Legume hosts differ in the range of partners with which they form symbioses. At one end of the spectrum are legumes such as chickpea (Cicer arietinum) which nodulate with a restricted number of rhizobial strains or species and are thus considered as specific in their rhizobia requirement. At the other end is cowpea (Vigna unguiculata) which is considered as the most promiscuous (or non-specific) of the grain legumes, nodulating with a wide range of both fast- and slow-growing rhizobia. Similar relationships exist among rhizobia although rhizobia that were isolated from tropical soils had previously been grouped as members of the ‘cowpea miscellany’ because cowpea is a test plant nodulated by many poorly characterized slow-growing rhizobial strains (Giller, 2001). It is now clear that rhizobia in the tropics constitute a highly diverse group of both fast and slow- growing types with a wide range of symbiotic specificities. Legumes that have a specific requirement for rhizobia (e.g. soybean, chickpea) need inoculation. This can be achieved using commercially available rhizobial inoculants already tested in African conditions. However, inoculant use in smallholder farming systems of sub-Saharan Africa is generally low due to the poor presence of inoculant infrastructure and expertise in the region.

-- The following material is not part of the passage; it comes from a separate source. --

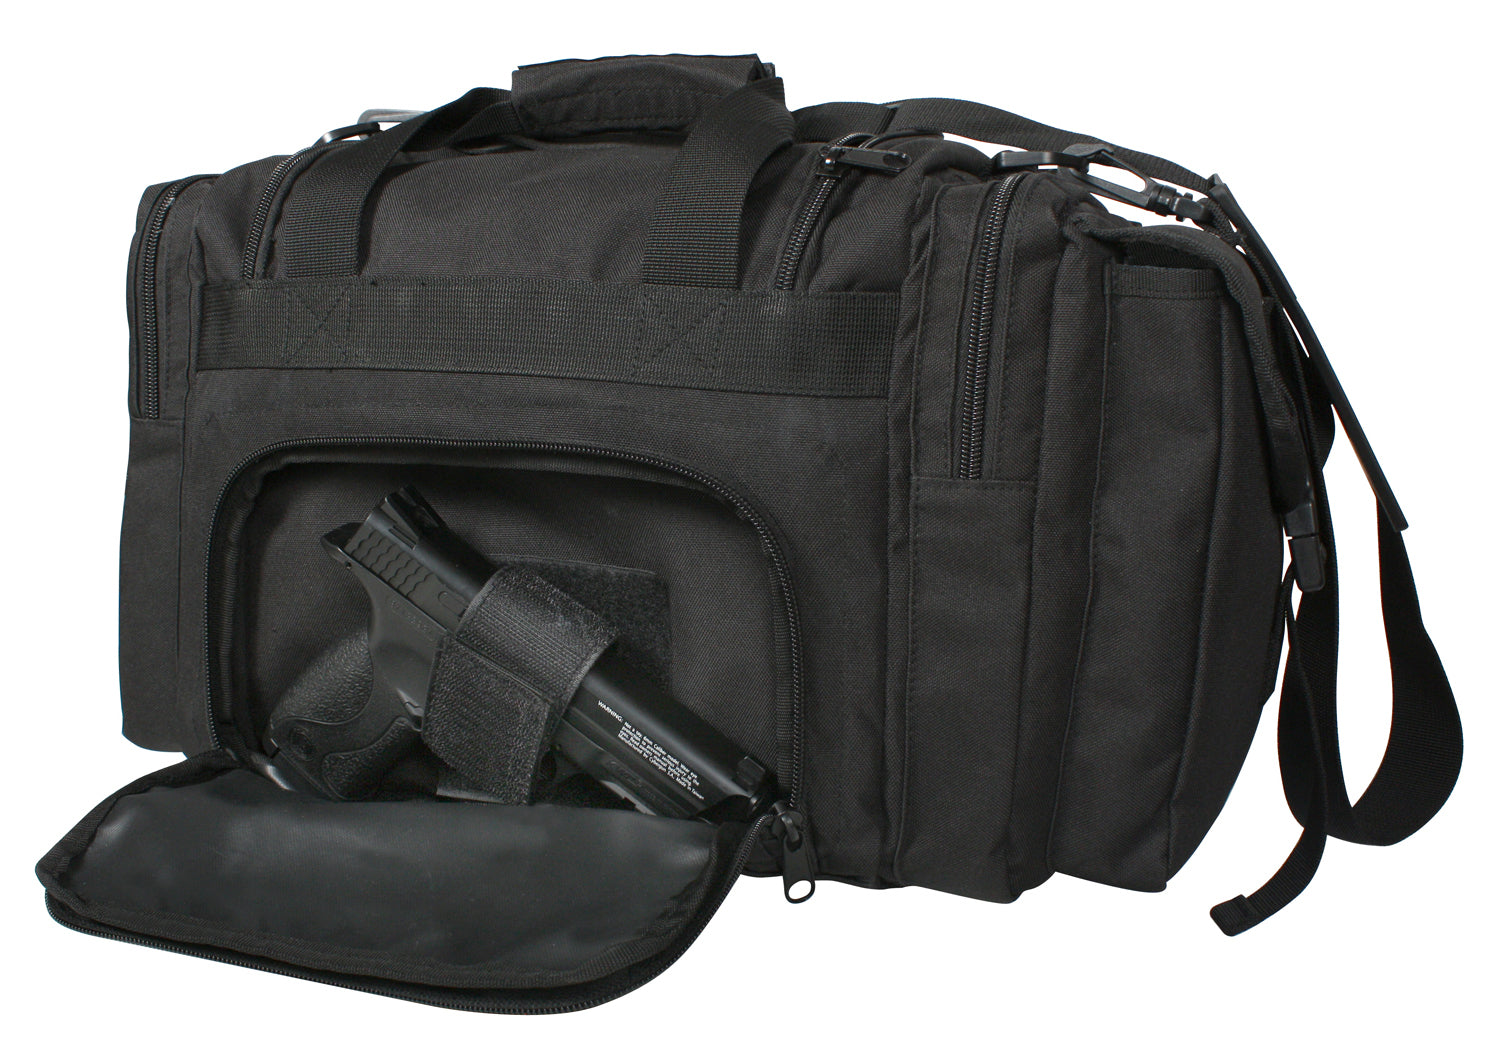 Concealed Carry Bag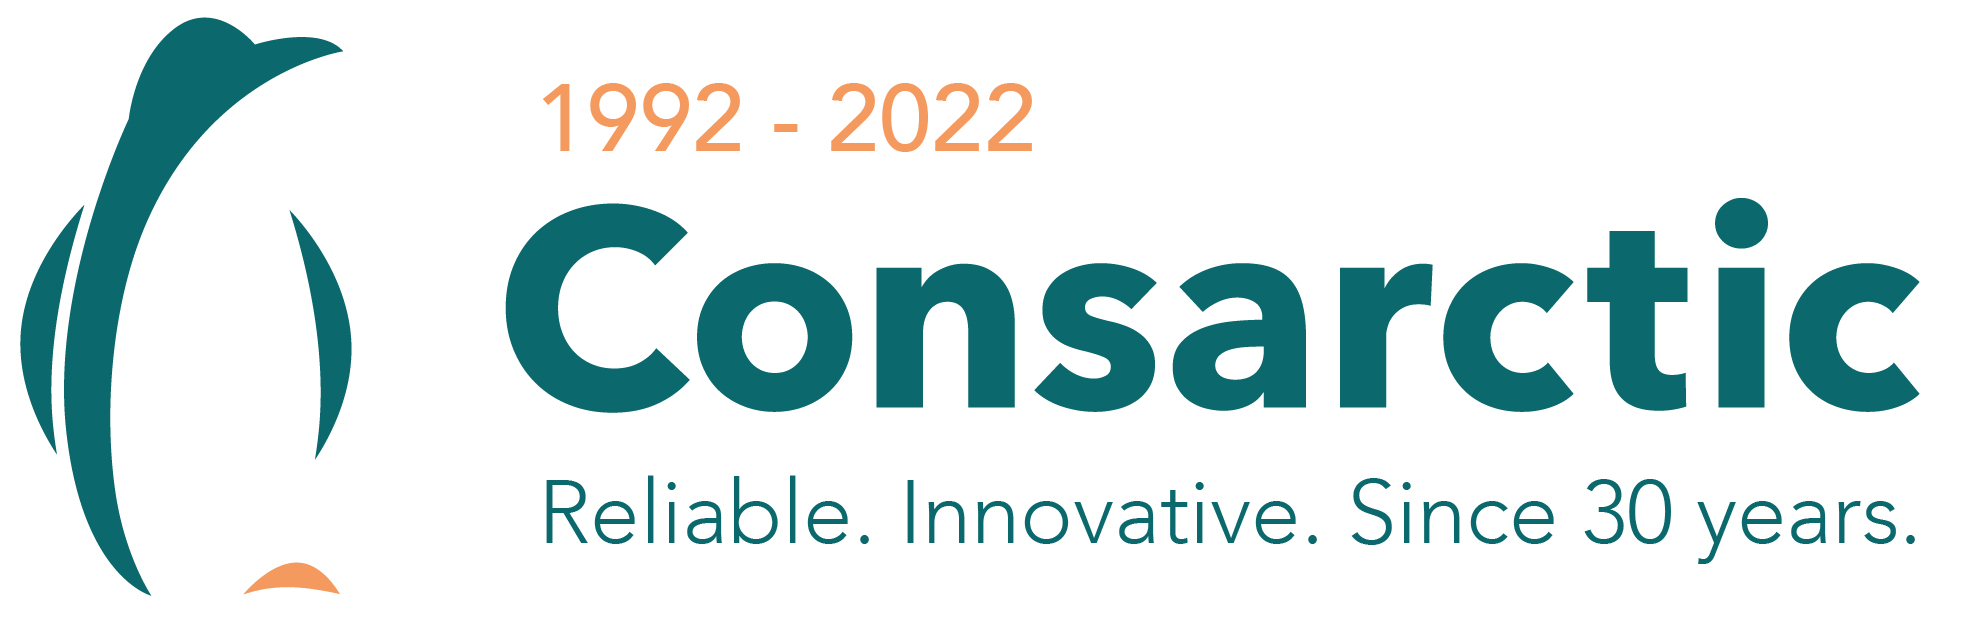 Consarctic GmbH logo

The global market for rhizobial inoculants is dominated by soybean, due to its strong requirement for inoculation. The specific nodulation requirement of most commercial varieties of soybean arose because they were bred largely in North America where indigenous rhizobia compatible with soybean were absent. This has led to inoculation with soyabean being the standard practice in North America. The North American breeding program was highly successful in increasing potential grain yield of soybean such that materials from North America have been used in many other countries. Promiscuous, multipurpose varieties of soybean have been selected in Nigeria by IITA by crossing high-yielding varieties from North America with more promiscuous materials from Asia (Giller, 2001). In southern Africa, highly promiscuous varieties were identified from early introductions of soybean that originated from China (Mpepereki et al., 2000). In areas where inoculants are not readily available the promiscuous varieties have a particular niche for smallholder farmers.
Bean is relatively promiscuous in its rhizobial requirement but often forms nodules with ineffective strains and thus may respond to inoculation. Earlier studies showed consistent small responses to inoculation that gave a mean yield increase of around 8% across 30 trials in the highlands of East Africa (Amijee et al., 1998; Giller et al., 1998). With improved quality inoculants and more effective strains that can readily be identified (Figure 2) we are confident it is worthwhile to invest in research to develop inoculant technologies for beans.
Figure 2. Yield response of soybean varieties to inoculation with rhizobium in a smallholder farmers’ field in Zimbabwe. Sonata and Solitaire are newer, specific varieties from Seed Co, Roan and Nyala are older, specific Seed Co varieties. Magoye and Local are older, promiscuous varieties (Kasasa, 1999).
The other grain legumes (cowpea and groundnut) are promiscuous and unlikely to respond to inoculation unless inoculated with selected strains applied in high concentrations. In these cases increasing BNF inputs in smallholders’ fields will be achieved by legume selection, agronomic approaches and increasing the area cultivated. Potential for selection of better strains that may result in inoculation responses will be explored through research.